🤖 AI Summary
This work addresses the limitations of existing data-driven approaches in effectively integrating domain-specific temporal constraints and logical rules, which often leads to suboptimal predictive performance and insufficient compliance with regulatory requirements. To overcome this, the authors propose a neuro-symbolic learning framework that formalizes domain knowledge as differentiable linear temporal logic and first-order logic constraints. The framework employs a two-stage optimization mechanism: an initial data-driven pretraining phase followed by a satisfaction-guided dynamic pruning step that retains only those rules that are both effective and logically consistent. Evaluated on four real-world event logs, the method significantly outperforms purely data-driven baselines, particularly in scenarios with scarce compliant examples, simultaneously improving both prediction accuracy and adherence to prescribed logical rules.
📝 Abstract
Predictive modeling on sequential event data is critical for fraud detection and healthcare monitoring.
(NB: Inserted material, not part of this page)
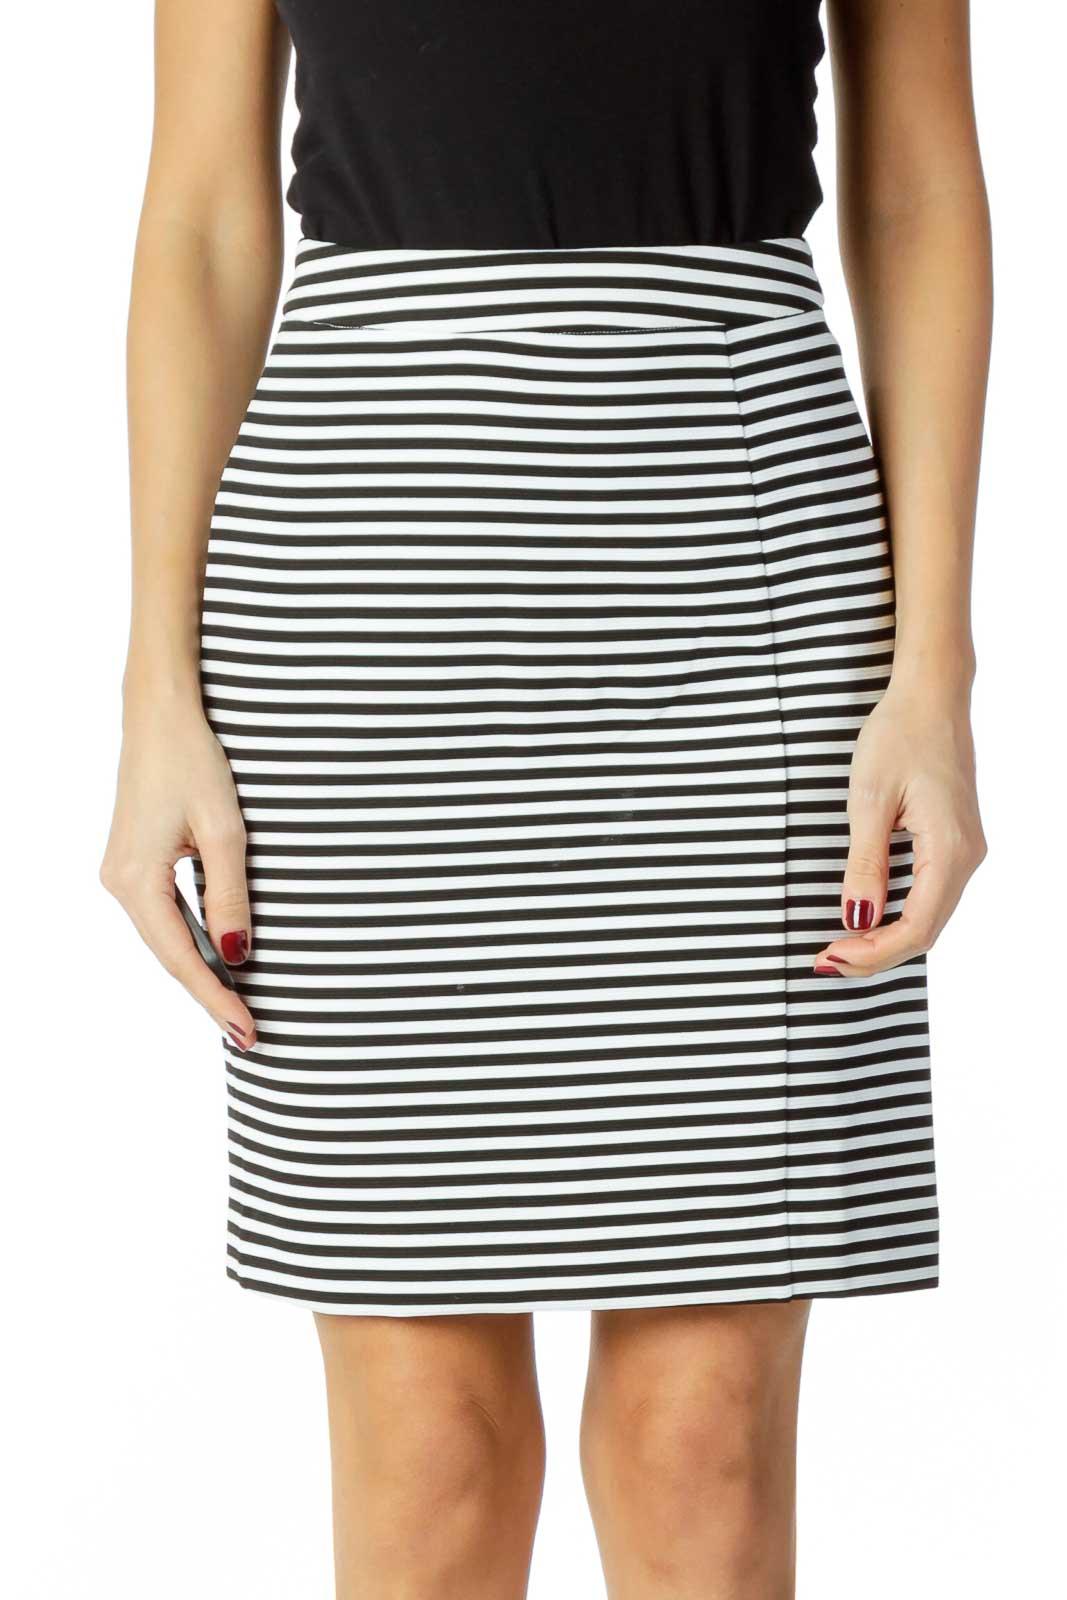 Black White Striped Pencil Skirt Front

Existing data-driven approaches learn correlations from historical data but fail to incorporate domain-specific sequential constraints and logical rules governing event relationships, limiting accuracy and regulatory compliance. For example, healthcare procedures must follow specific sequences, and financial transactions must adhere to compliance rules. We present a neuro-symbolic approach integrating domain knowledge as differentiable logical constraints using Logic Networks (LTNs). We formalize control-flow, temporal, and payload knowledge using Linear Temporal Logic and first-order logic. Our key contribution is a two-stage optimization strategy addressing LTNs' tendency to satisfy logical formulas at the expense of predictive accuracy. The approach uses weighted axiom loss during pretraining to prioritize data learning, followed by rule pruning that retains only consistent, contributive axioms based on satisfaction dynamics. Evaluation on four real-world event logs shows that domain knowledge injection significantly improves predictive performance, with the two-stage optimization proving essential knowledge (without it, knowledge can severely degrade performance). The approach excels particularly in compliance-constrained scenarios with limited compliant training examples, achieving superior performance compared to purely data-driven baselines while ensuring adherence to domain constraints.